Much of the tech materials that have driven the innovation of premium recreational solutions for humans going outdoors was invented in the 1970s: Gore-Tex, Polartec, Primaloft, seam sealing, core-spun stretch yarns, rotomolding for boats, injection molding, high tenacity synthetic yarns in ever diminishing deniers, and powerful permanent gluing. A list of core outdoor innovation since 2000 would include carbon fiber, lithium batteries and LEDs, satellite communicators and digital mapping, photovoltaics, and all the new technology to lessen or eliminate enviro impact.

As new, optimistic and forward looking as "the suburbs" were after WW2, the burbs were basically about moving indoors - outdoors was paved and lawned in rectangular chunks. By the time the 60s arrived, young people desperately wanted to get back outside - away from all the pavement, stop signs and "ticky tacky boxes all in a row". To the wilderness!

The Great Globalization trend that began in the 1980s that started blending people and cultures, also moved manufacturing offshore. For the past 40 years, the Outdoors supply chain has delivered better and better products every year, at ever lower prices.
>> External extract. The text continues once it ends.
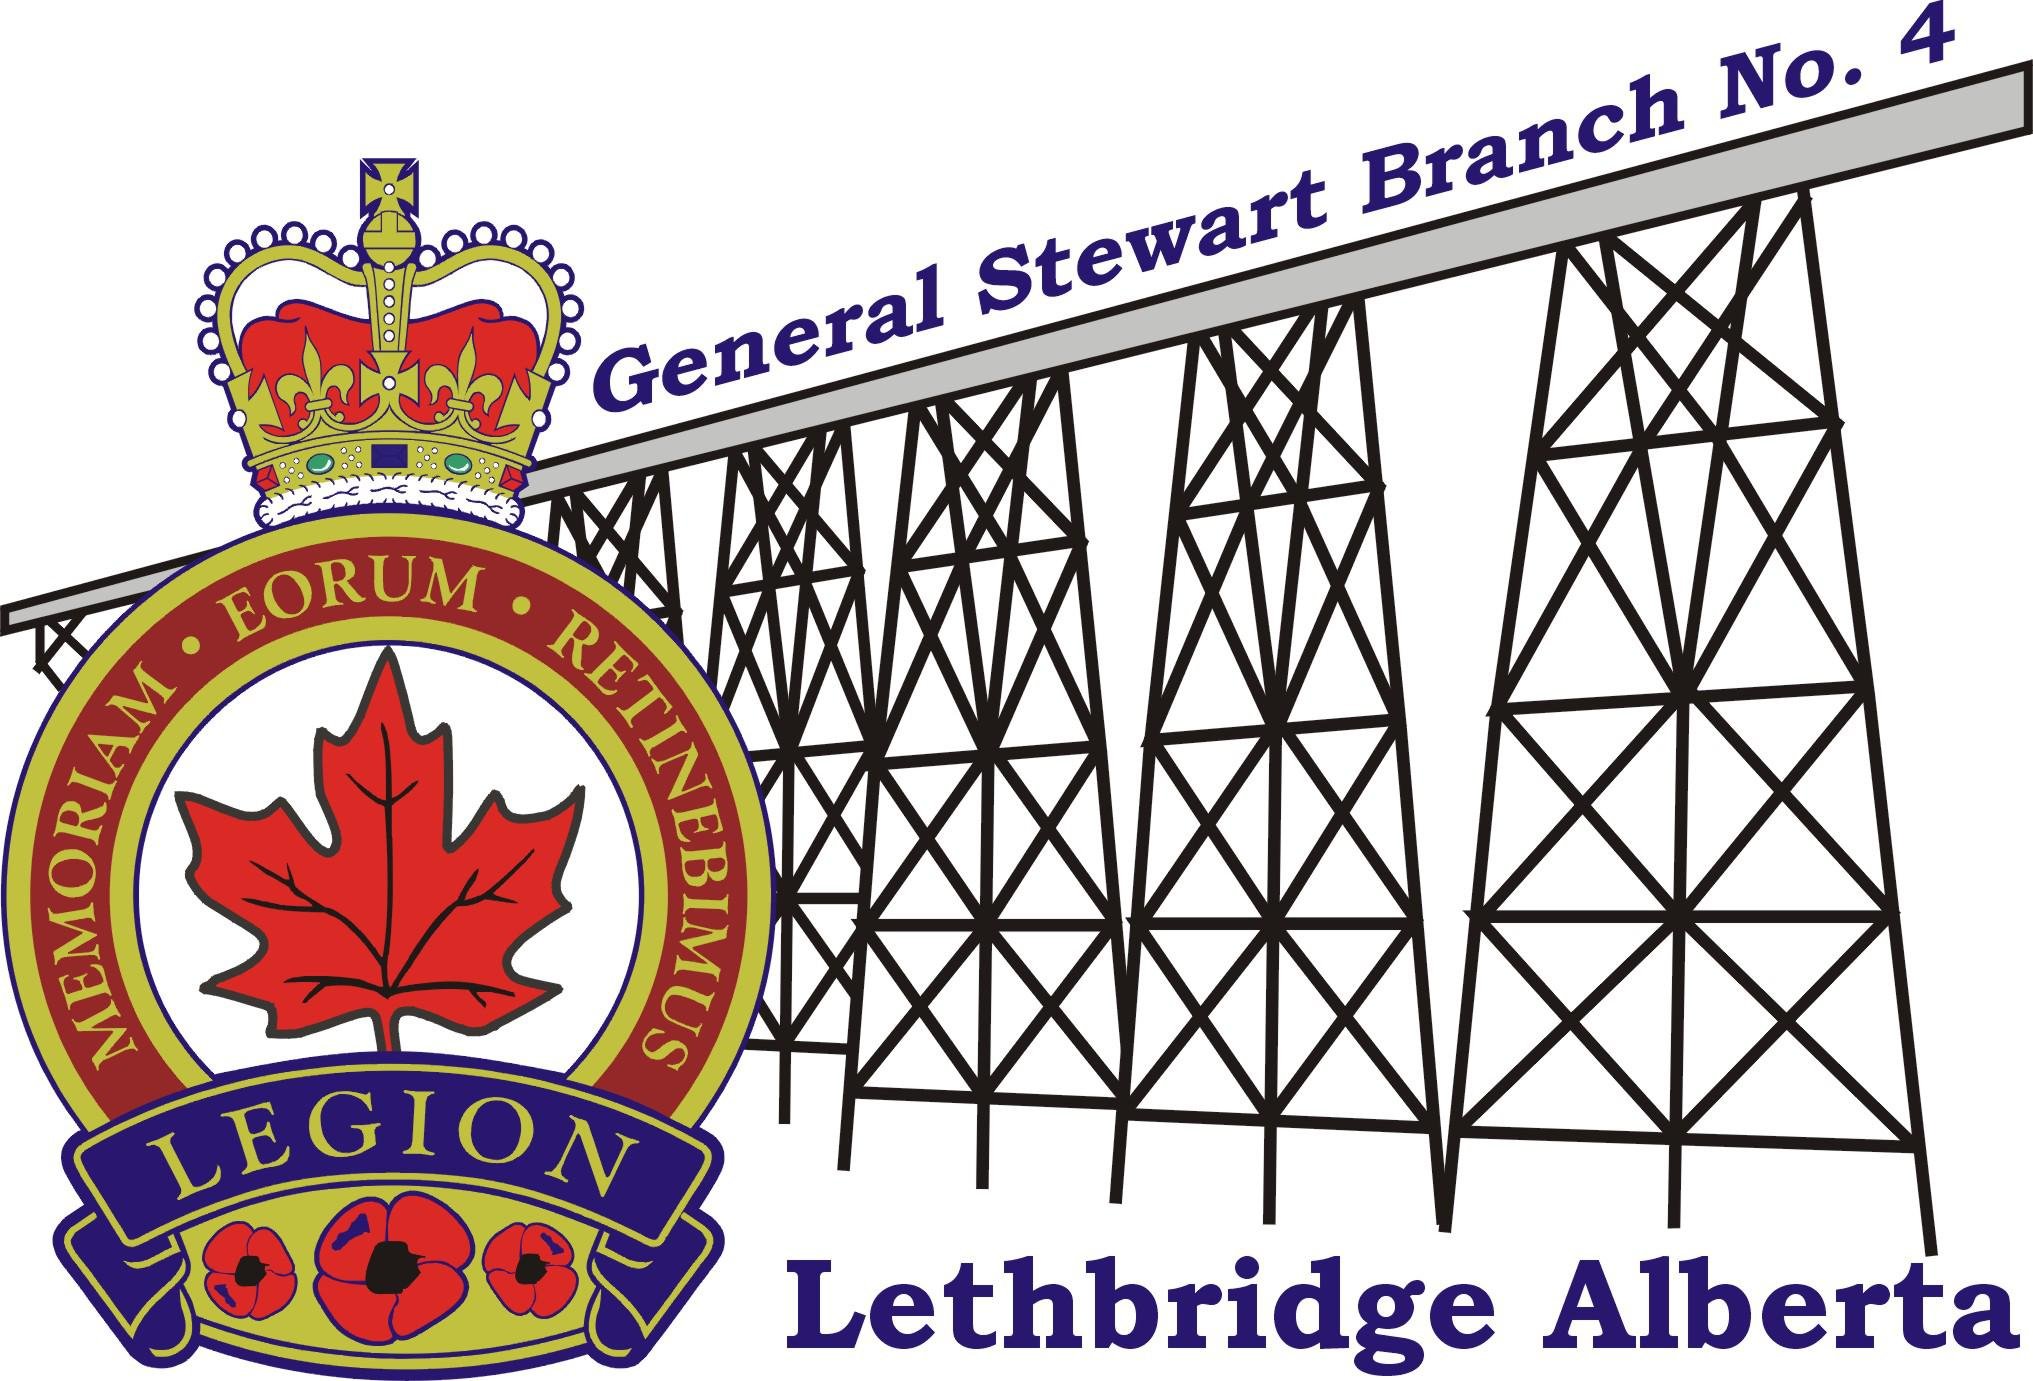 Royal Canadian Legion General Stewart Branch No.4

Today, humans have become hybrids, mostly human and part digital - completely immersed in connectivity and technology. Connectivity has extended each of our voices to be global, our formative travels and journeys are global, and even our empathy and politics are becoming global. We may relate closely to people in Africa, spiritualists in India, listen to inner city musicians, or sympathize with distant refugees more than our neighbours next door.

Local food supply, music and culture here in Canada are easy to take for granted. But when we return from our travels to exotic distant lands and cultures, what we have grown up with locally comes into focus as being likewise remarkable, unique and valuable. Distant travel gives us context and perspective.

The Outdoor choices Valhalla Pure offers reflect these macro and social trends - this blending of local with distant. We have a mix of Arcteryx and Delta boats from Vancouver, Icebreaker from New Zealand, Norrona, Helle and Kari Traa from Norway, Montane from the U.K., Mammut from Switzerland, DPS skis, Black Diamond and KUHL from Salt Lake City, Petzl and Black Crows from France and LaSportiva, Garmont and Scarpa from northern Italy. And our shop staff include folks from Holland, America, China, UK, and Switzerland.

Those original legacy Outdoor brands from California suddenly have some serious competition. We ARE International! And still the mountain wilderness touches people's lives as powerfully as ever. Bit by bit, we are doing it better, more safely, and with more awareness each passing season.